*** The data ***
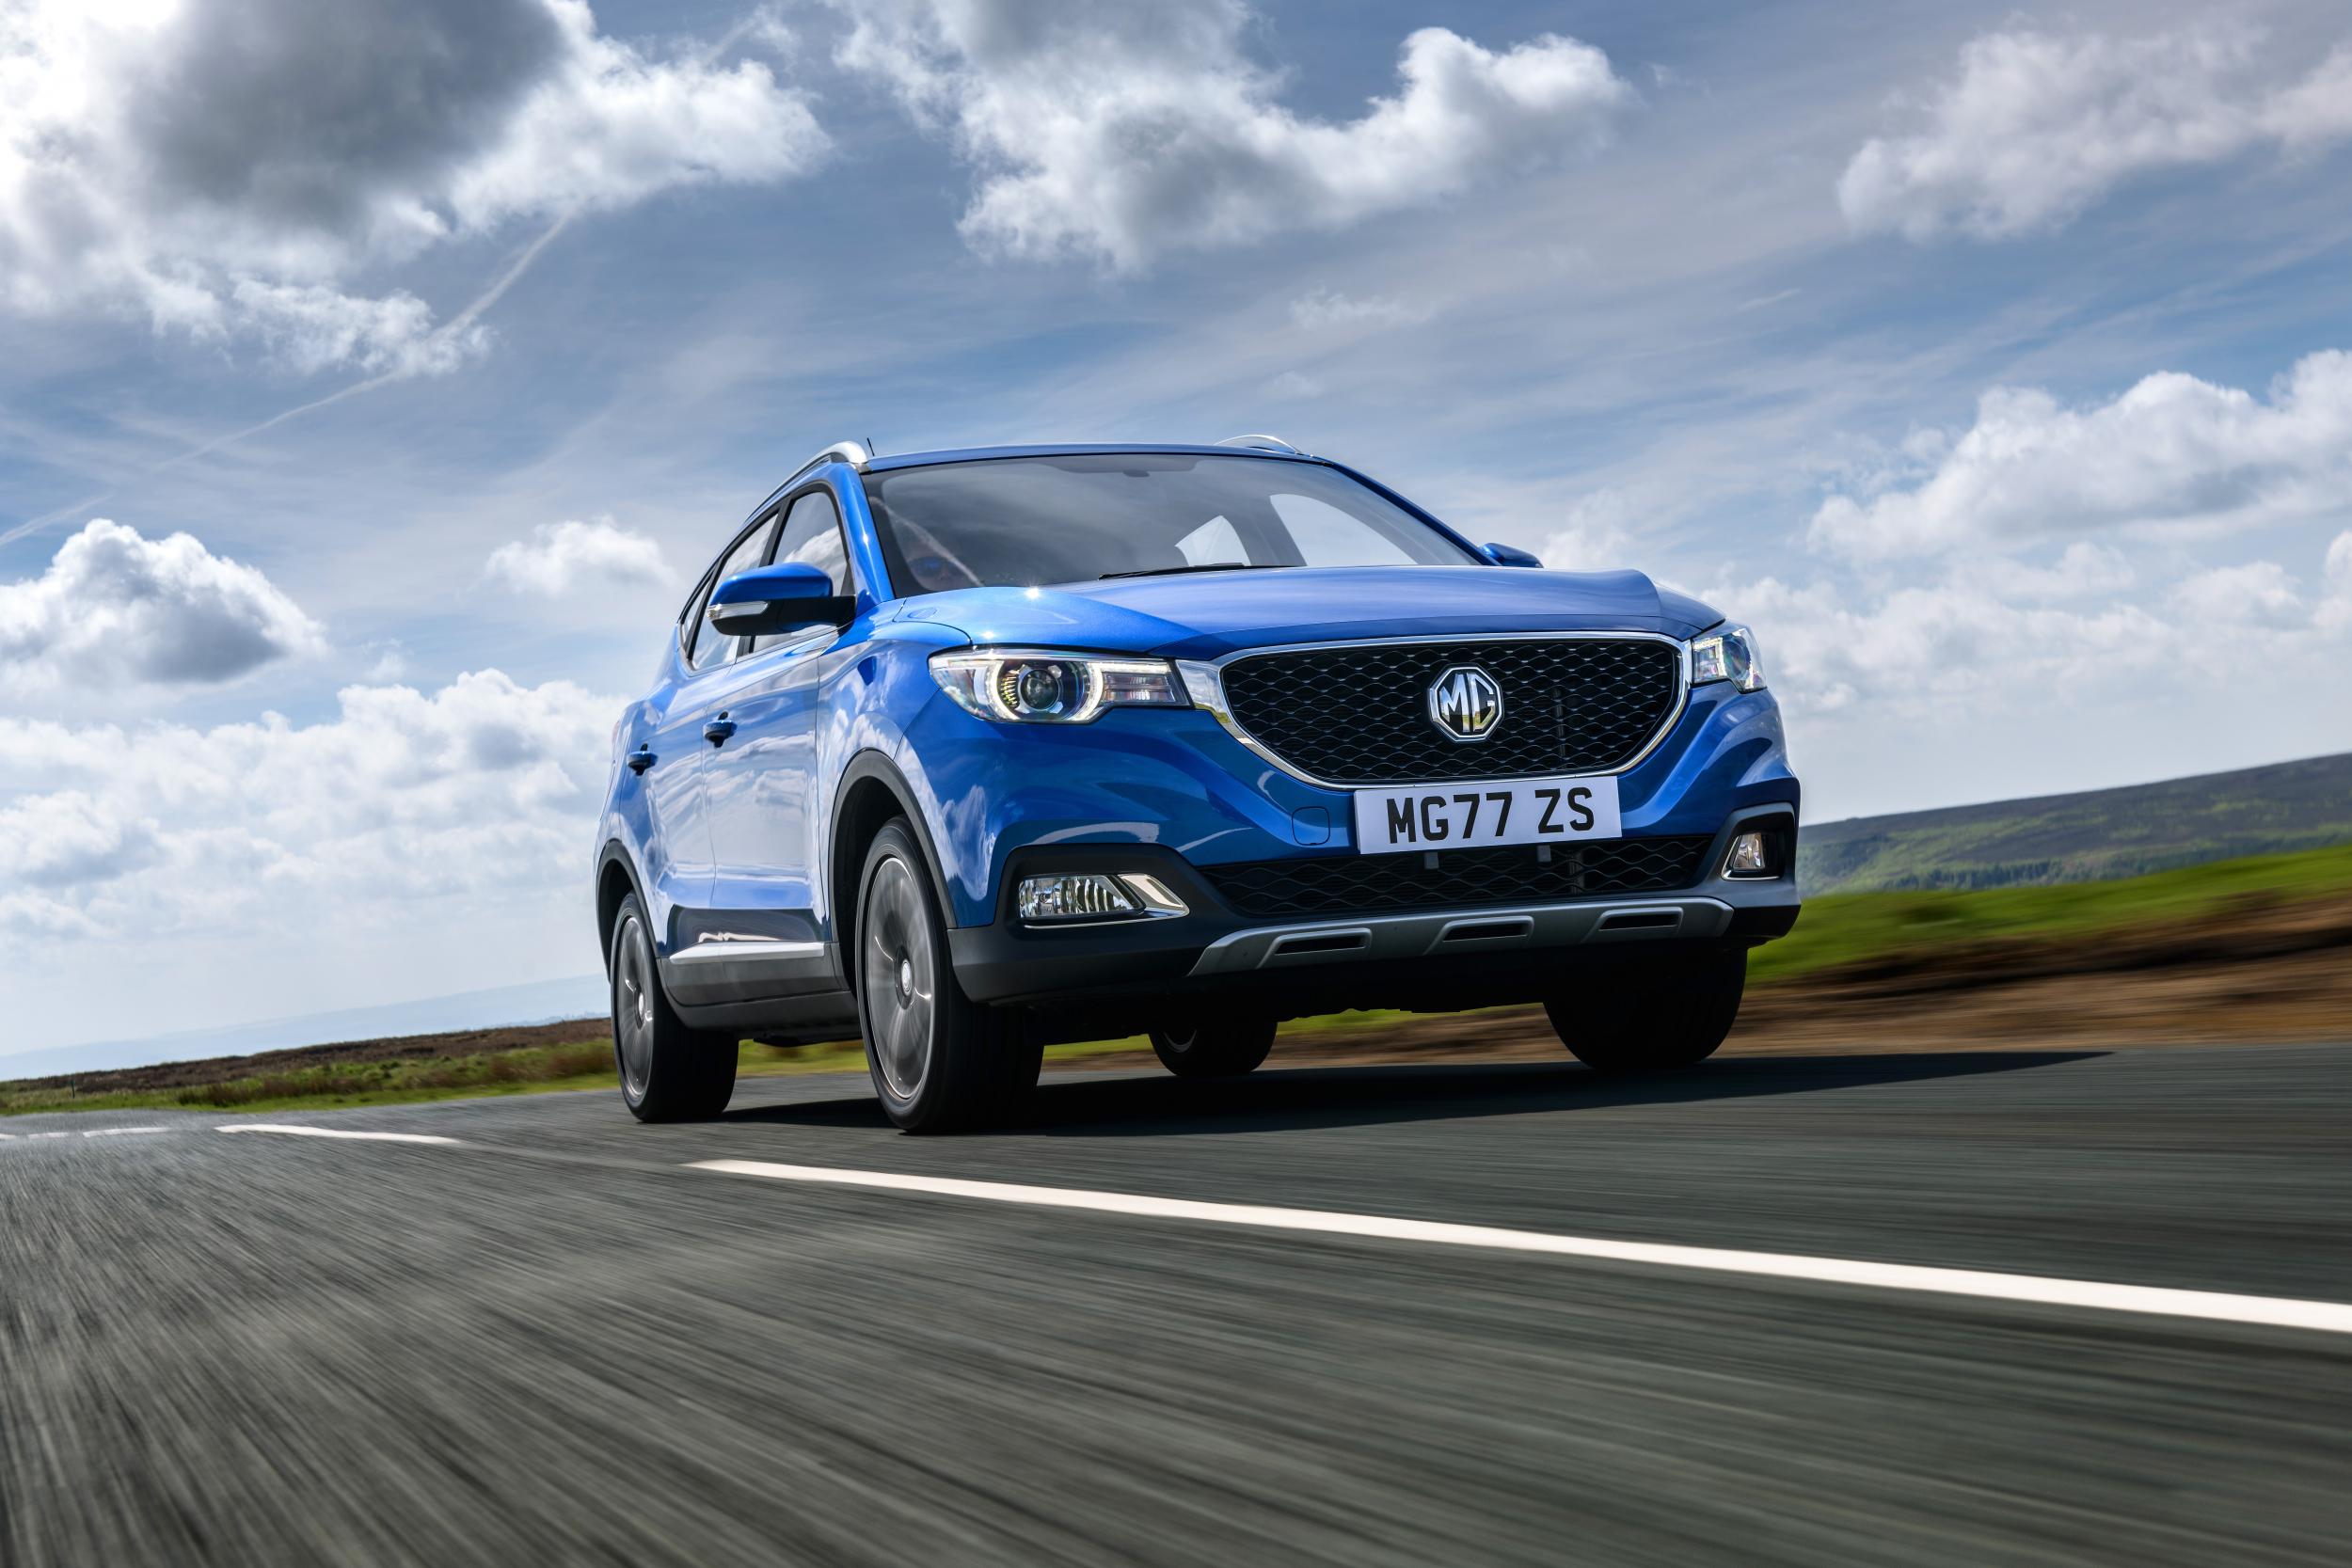 Mg Zs Review A Reasonably Priced Compact Suv But A Bit
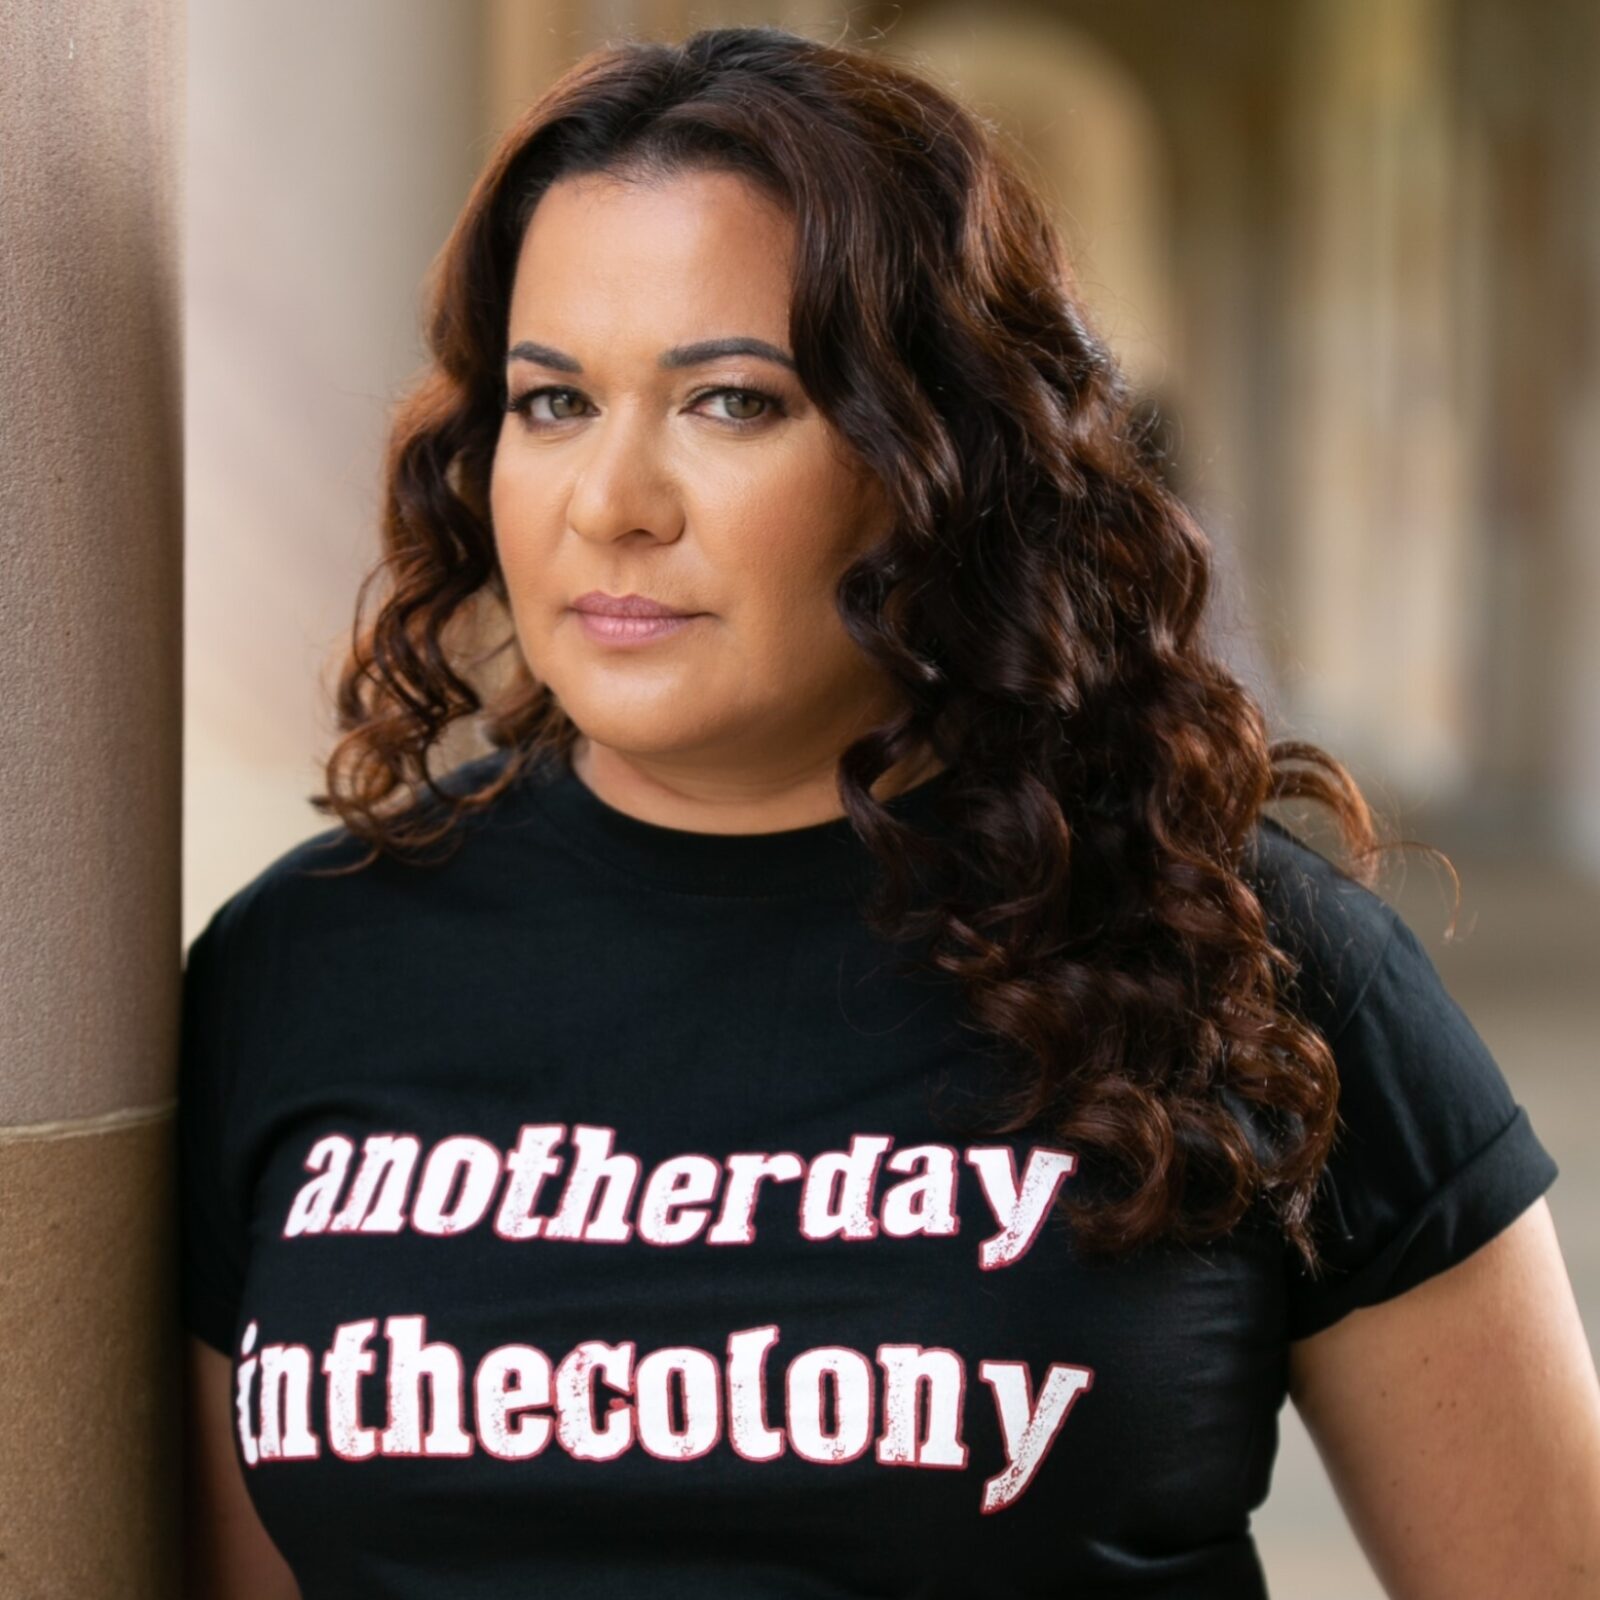 A photograph of Chelsea Watego standing beside a sandstone pillar in an open walkway. She wears a black t-shirt printed with the words 'another day in the colony' printed on it in white lettering with red borders, and she is looking at the camera with a serious expression. Chelsea's hair is dark brown and curly, and is worn down, falling across her left shoulder.
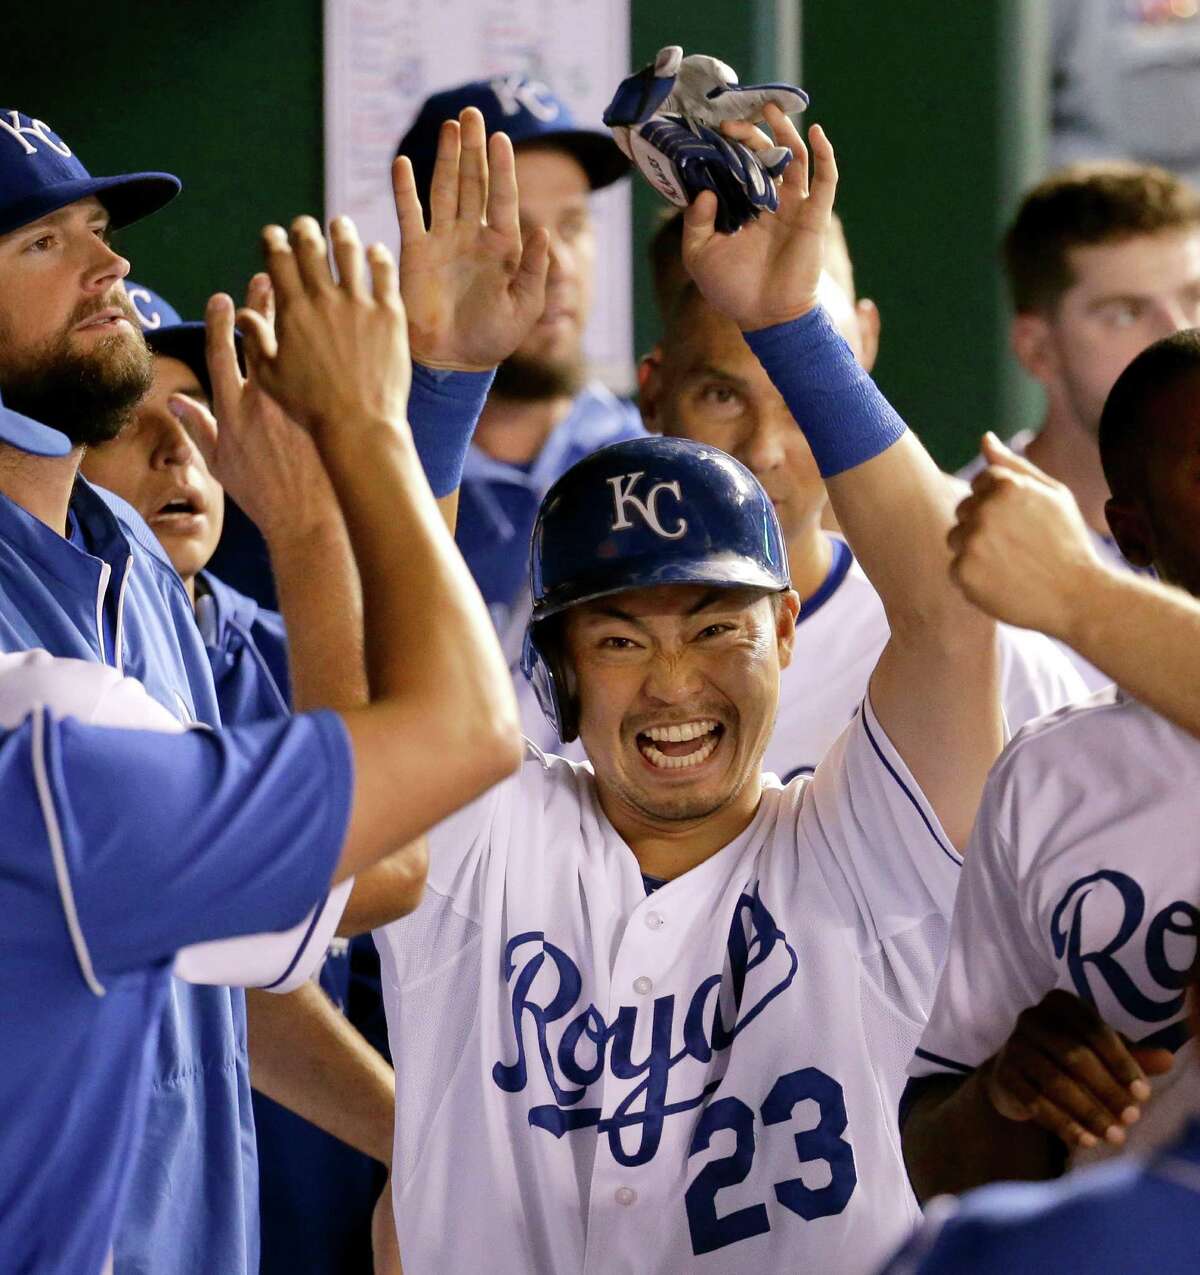 The Royals' Norichika Aoki (23) is all smiles in the dugout after scoring the go-ahead run in the seventh inning of Monday's game against the Athletics. Kansas City held on for a 3-2 victory, its eighth in a row, pushing it past the Tigers for the top spot in the AL Central.
***
▸ **Task goal**
All lines from the line with "A photograph of" through the final line of the data, both included, are to be repeated exactly; no other lines and no pictures.

▸ **Result**
 A photograph of Chelsea Watego standing beside a sandstone pillar in an open walkway. She wears a black t-shirt printed with the words 'another day in the colony' printed on it in white lettering with red borders, and she is looking at the camera with a serious expression. Chelsea's hair is dark brown and curly, and is worn down, falling across her left shoulder.
 The Royals' Norichika Aoki (23) is all smiles in the dugout after scoring the go-ahead run in the seventh inning of Monday's game against the Athletics. Kansas City held on for a 3-2 victory, its eighth in a row, pushing it past the Tigers for the top spot in the AL Central.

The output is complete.